● Work required: Transcribe only the lines of the listing below from the one holding "Rich Moroccan Chicken" through the one holding "First Aid Only", inclusive, without any change.

++++ Given records ++++

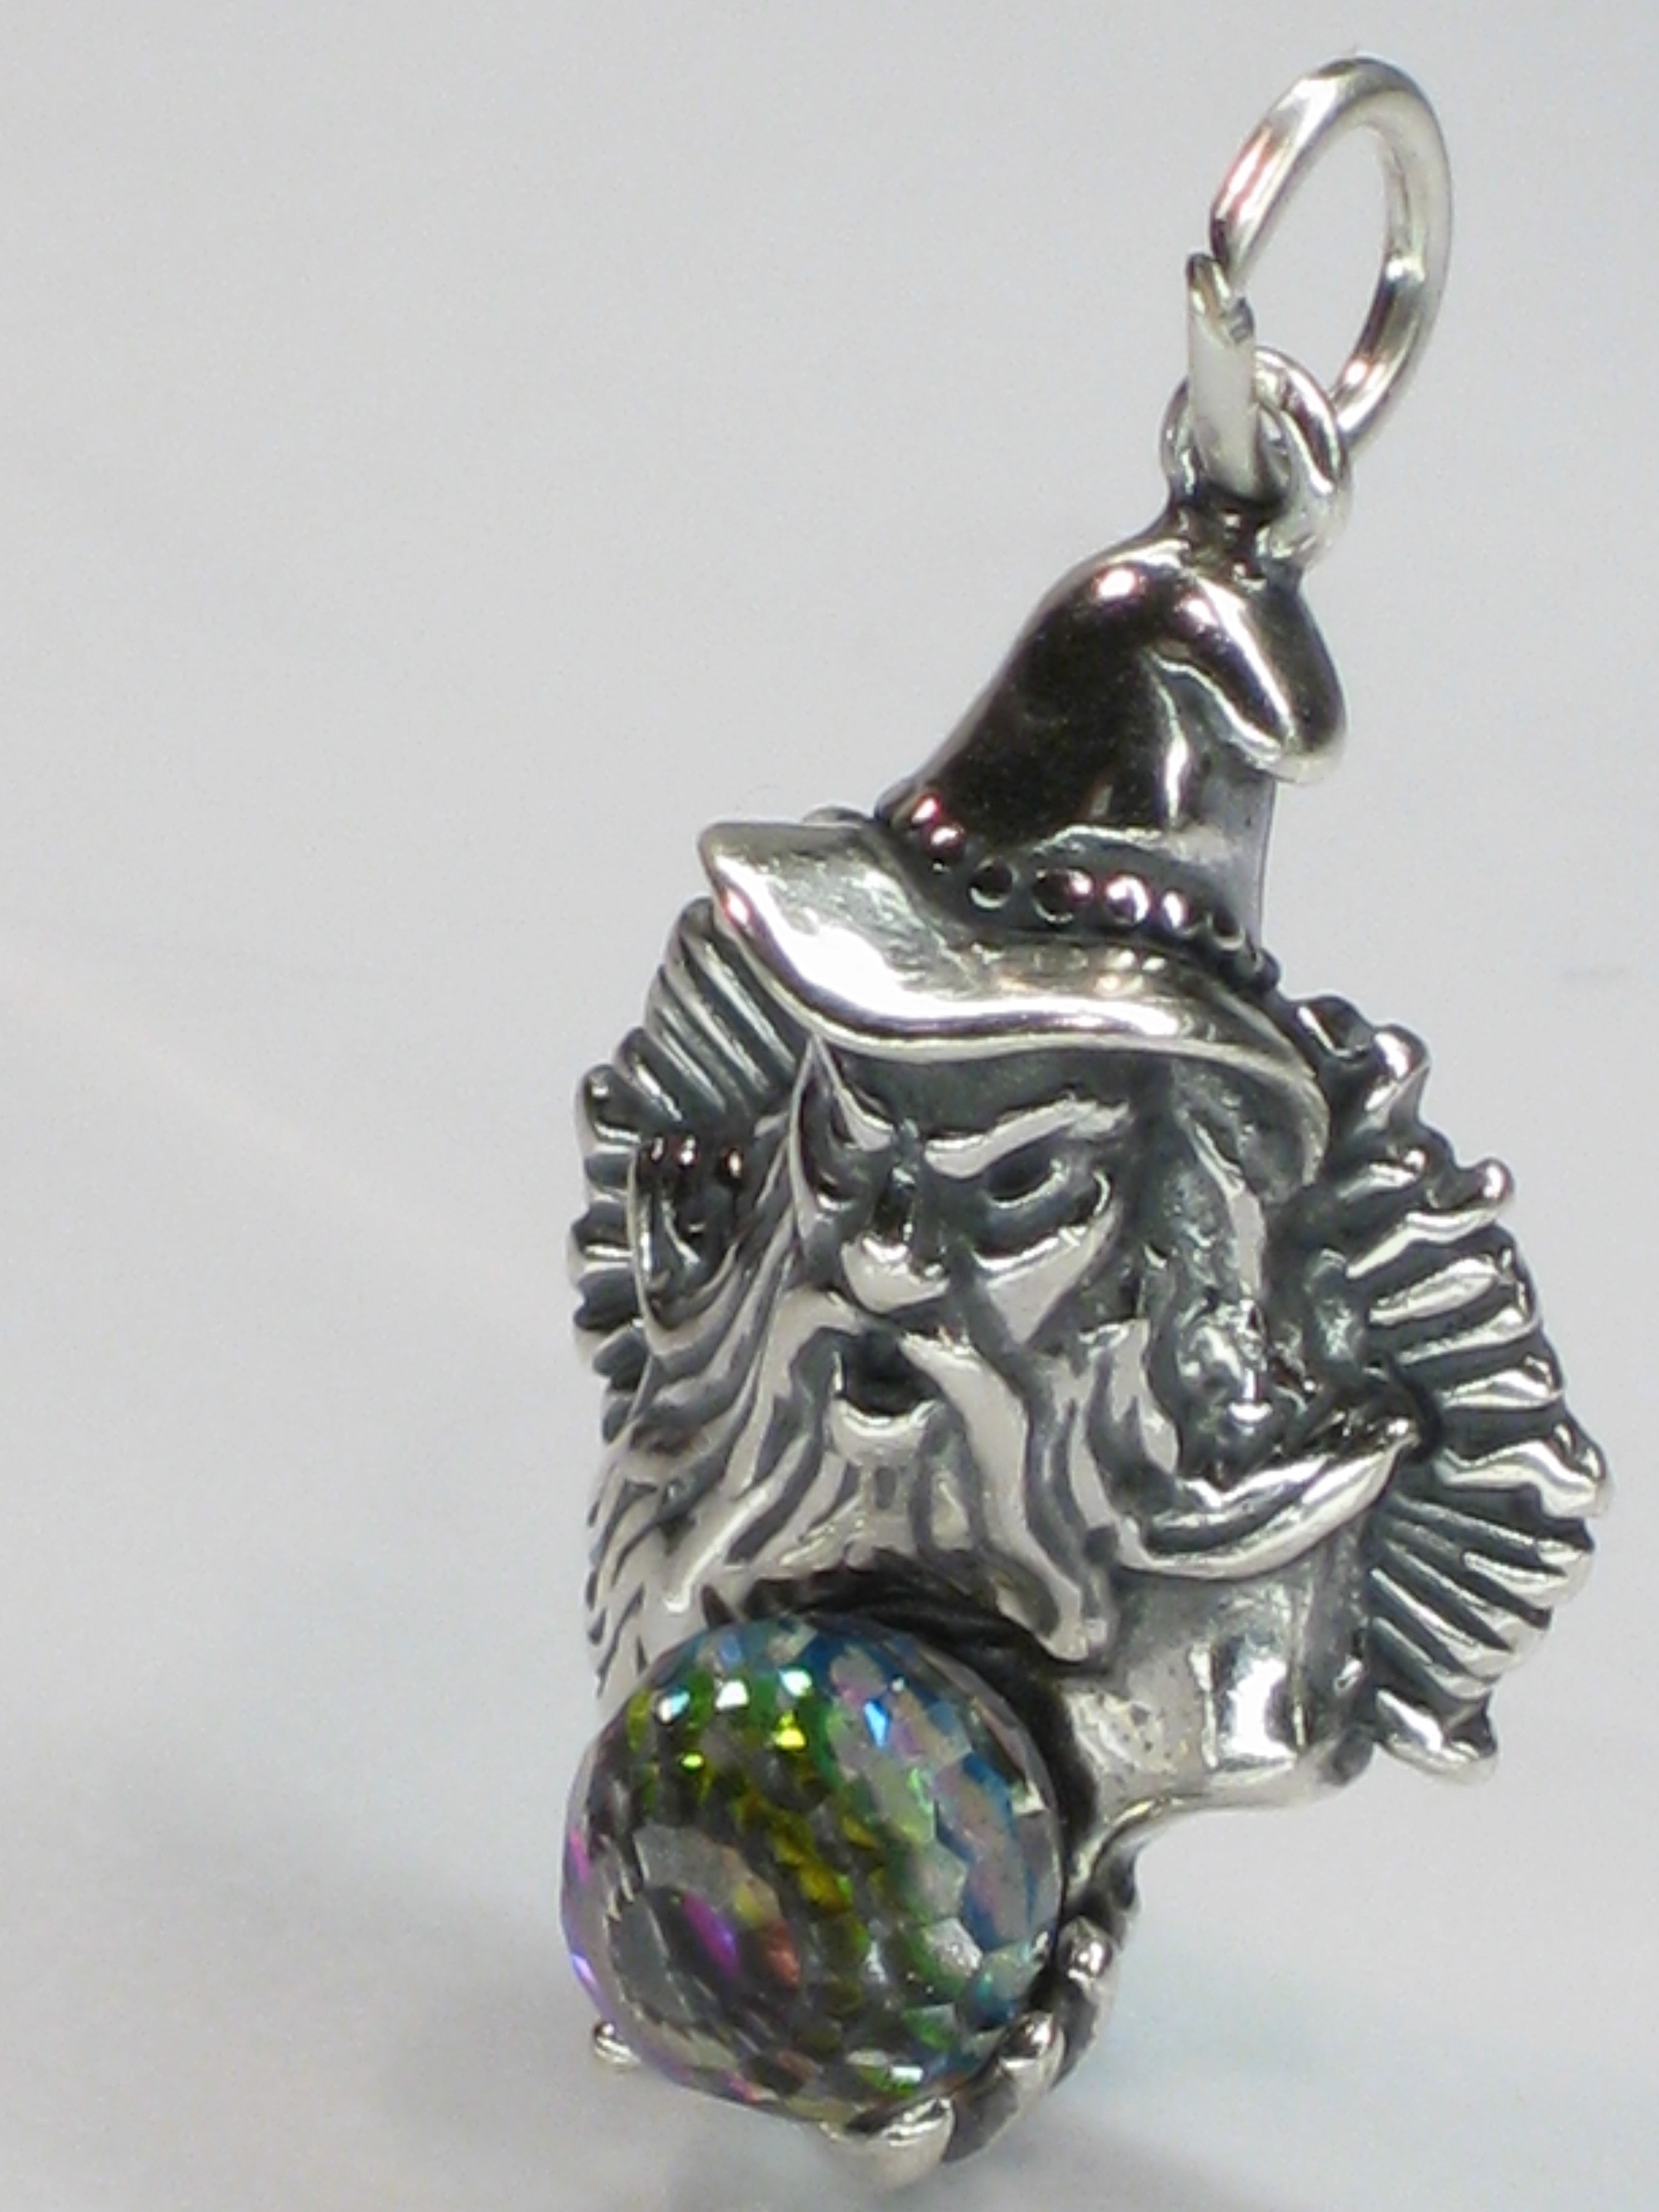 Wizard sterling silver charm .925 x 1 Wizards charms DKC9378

++++
++++ Given records ++++

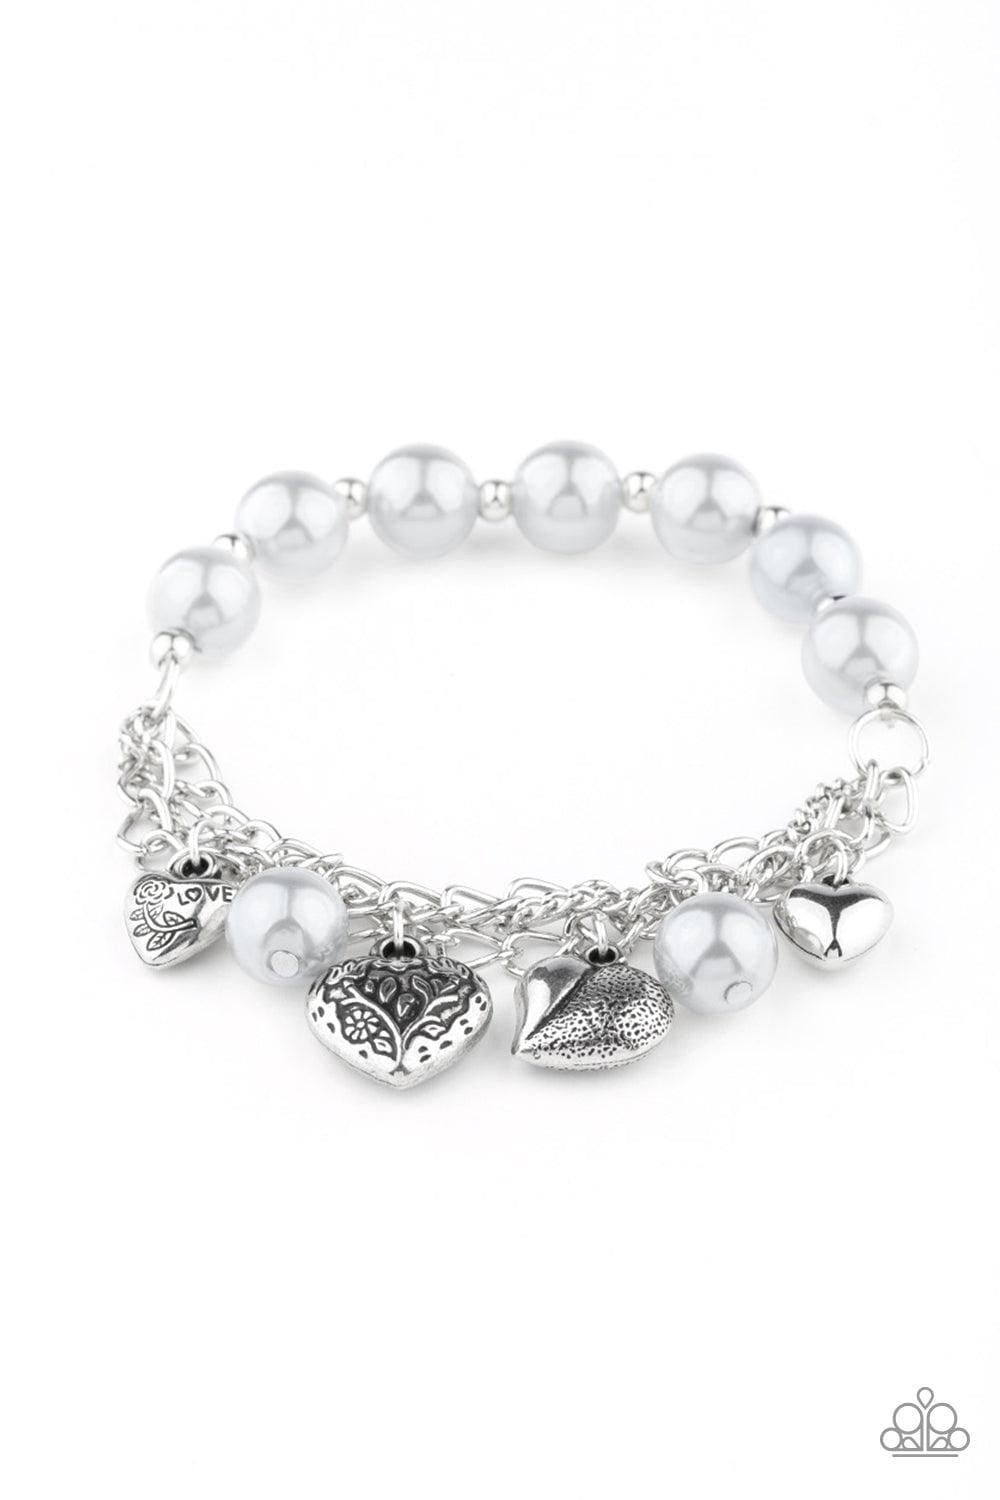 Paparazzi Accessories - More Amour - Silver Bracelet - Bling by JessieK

++++
++++ Given records ++++

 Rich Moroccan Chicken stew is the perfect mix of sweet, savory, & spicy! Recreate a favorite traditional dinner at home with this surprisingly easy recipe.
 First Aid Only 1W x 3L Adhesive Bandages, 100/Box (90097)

++++

● The answer:
 Rich Moroccan Chicken stew is the perfect mix of sweet, savory, & spicy! Recreate a favorite traditional dinner at home with this surprisingly easy recipe.
 First Aid Only 1W x 3L Adhesive Bandages, 100/Box (90097)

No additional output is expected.